The linguistic analysis of huge data sets enables us to convey a clear, coherent, short message to the user, and above all, expressed in a natural (close to human) language.
People are used to conveying messages using natural language, therefore an important goal of IT systems should be to define and use such procedures as clearly as possible. This gives us the guarantee of easily interpreted results for all users. To meet this expectation, methods of representing linguistic data through fuzzy sets were selected. As a result, instead of the sentence ‘1,950 women in the database, which includes 2,000 women, are in the 15-20 years age group’, we get the phrase ‘Most women are young’.
It is worth mentioning that linguistic summaries have a lower complexity than other popular solutions that deal with data interpretation and aggregation.
Furthermore, less time is needed to analyse a huge database compared to using more complex algorithms.
Where is your tool for more effective reading of databases used?
Linguistic summaries are used as a tool supporting the analysis of the obtained data sets. This method has a wide range of applications: from generating headlines for newspapers, through creating article summaries, to decision support systems.
I will try to explain the last of the applications. Let us imagine we have a huge dataset of customer complaints. The database contains information including, among others: the date of the complaint, the country of origin of the product complained about, the age of the customer making the complaint. On the basis of this data, using predefined fuzzy sets, we are able to generate linguistic summaries, e.g. most of the complaints made in the summer period by elderly people were accepted. Then we can calculate the degree of truth of such a summary. The degree of truth takes values in the range x ? <0,1>. The closer the sentence is to 1, the more true it is. If the calculation shows that the sentence is true, we can suggest to the company's complaint handling department (CRM) to make a specific decision (to accept or reject a complaint).
The decision support system fits into the win-win strategy (satisfaction of two parties). For a department in a given company, because it is able to make a decision about a given complaint faster, and for a customer, because it is able to verify in advance whether or not the complaint will be accepted. Linguistic summaries are a universal method and could be used in a decision support system based on any other data, e.g. medical.

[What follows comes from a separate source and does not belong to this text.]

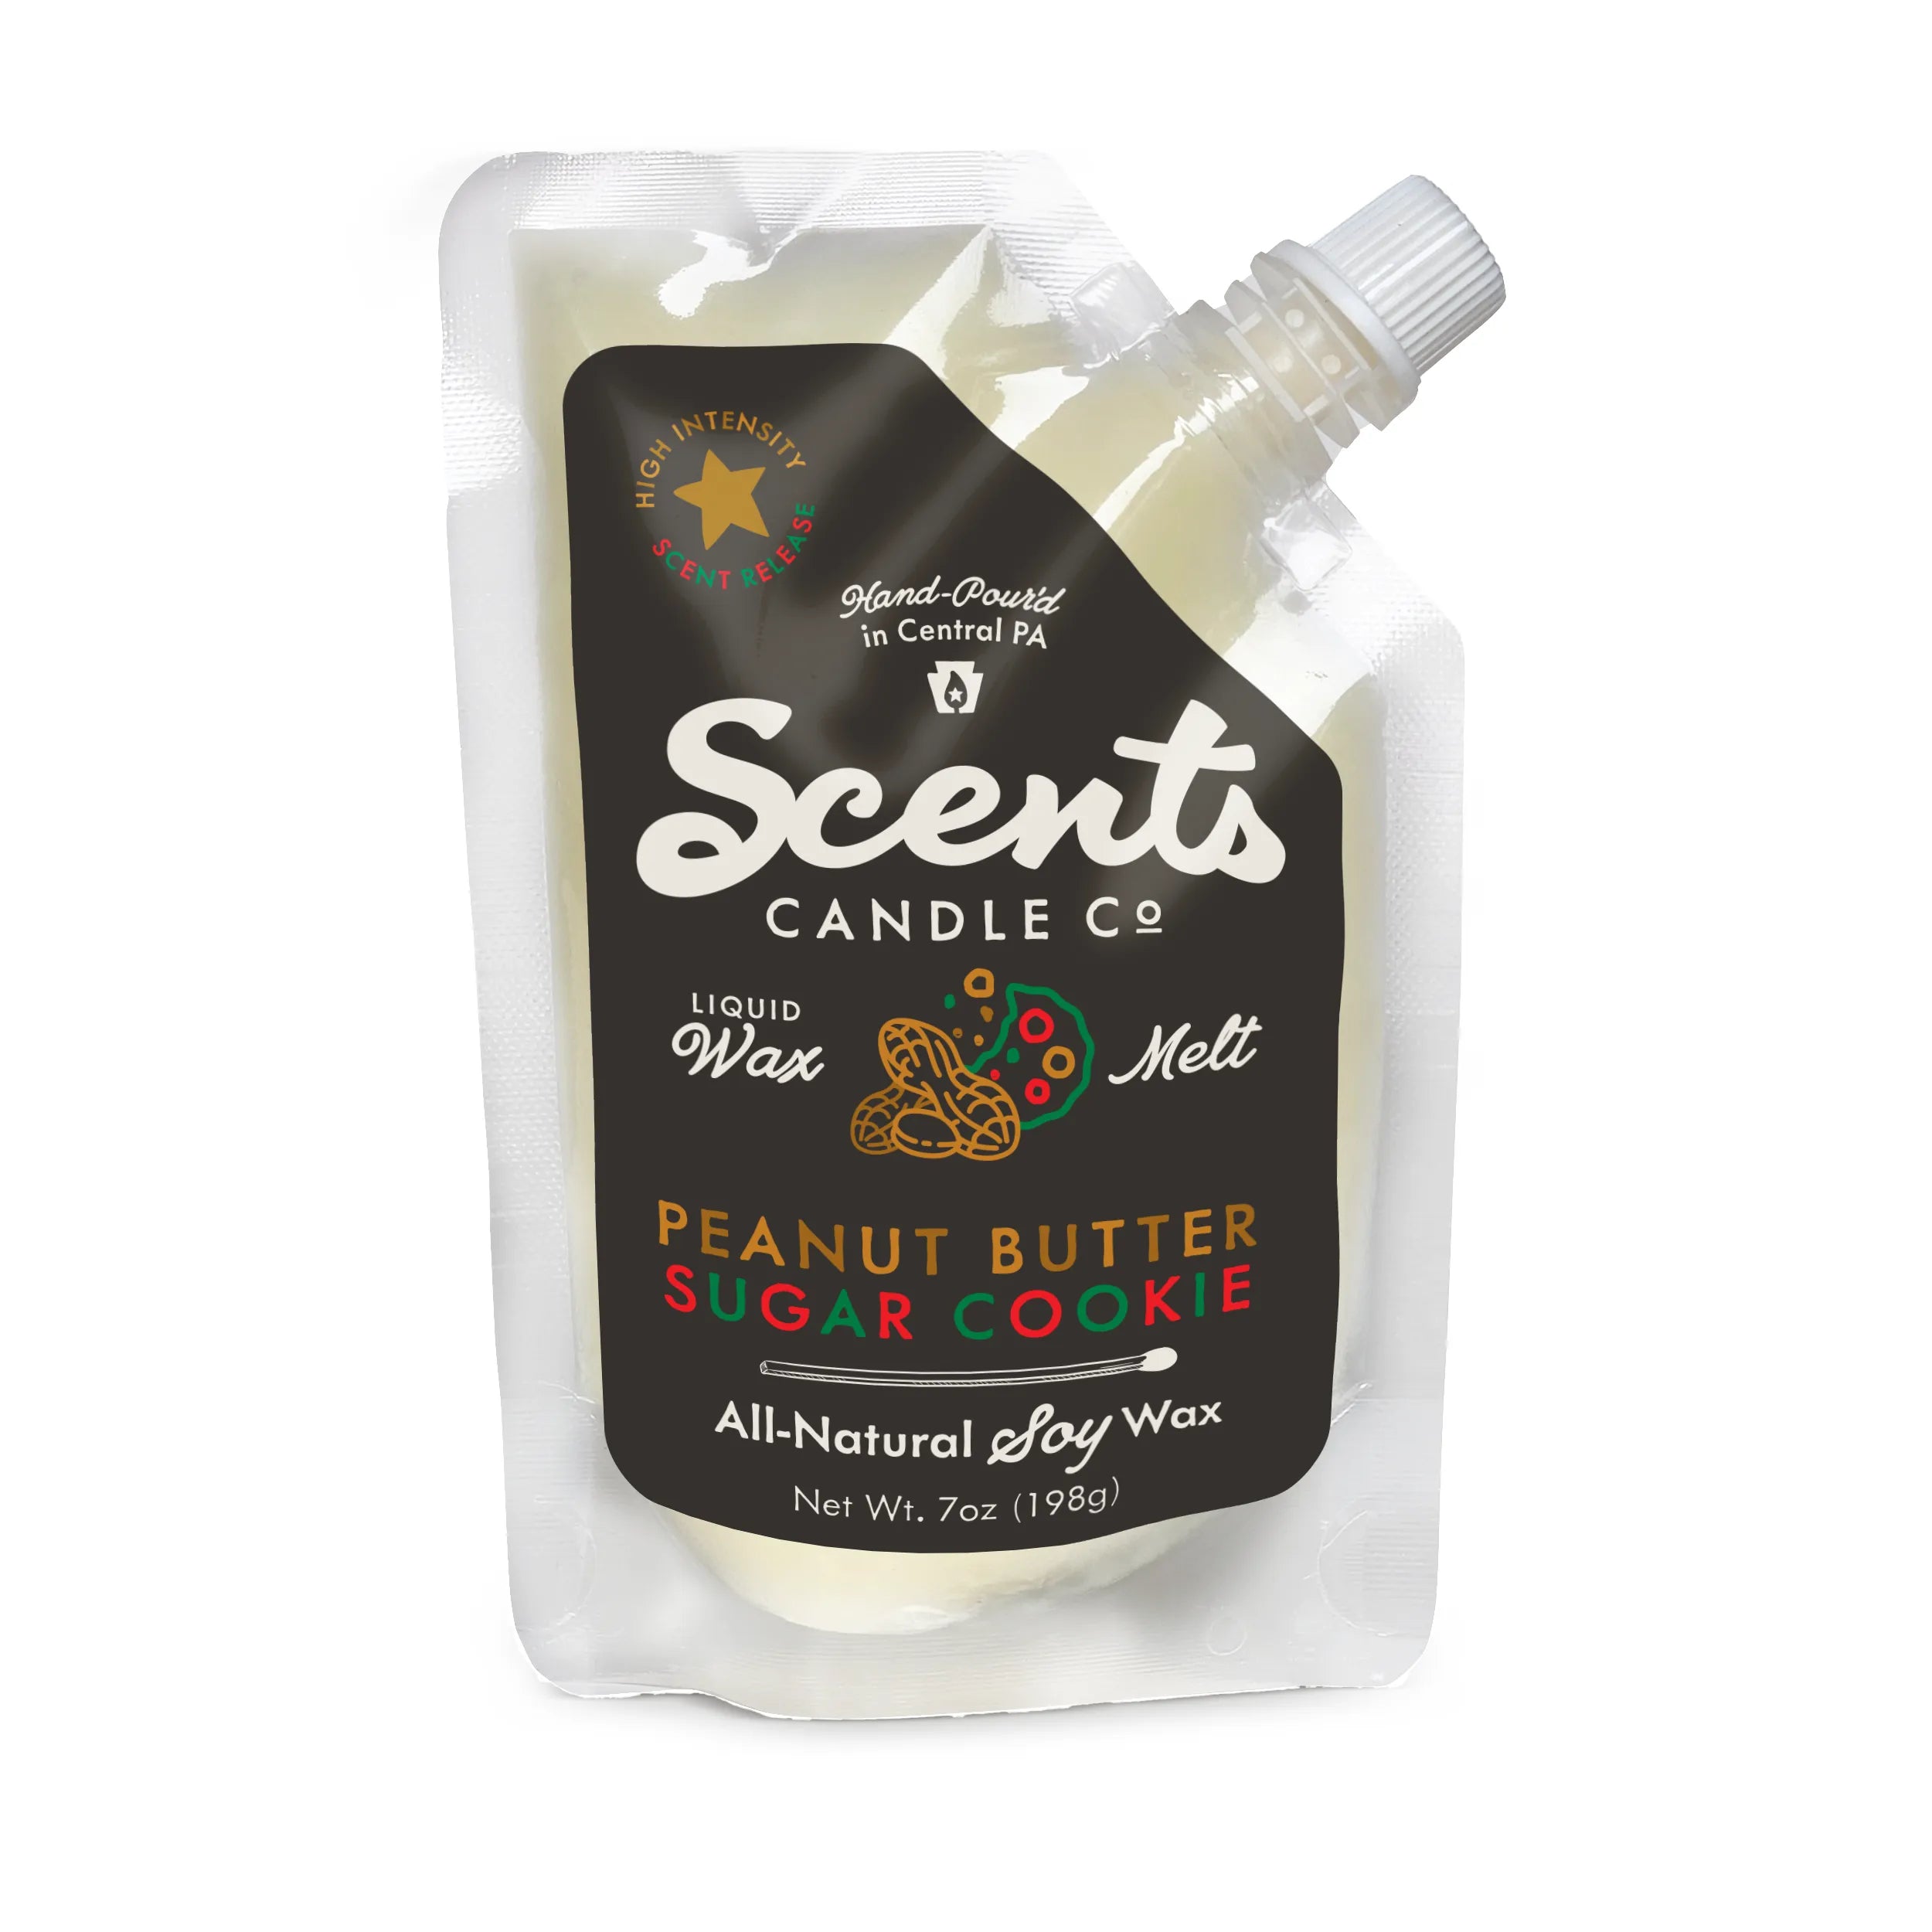 Scents Candle Co. Peanut Butter Sugar Cookie Wax Melt

This system could suggest whether a given person has a flu.
The effectiveness of the method depends on the quality and quantity of data used in the database.
Why is it worth being a scientist?
It gives us the opportunity to improve our skills, innovate, constantly challenge ourselves and fulfil ourselves by exploring the areas of our interest. Scientific work is a constant challenge, the results of which allow us to achieve a great reward in the form of immense satisfaction.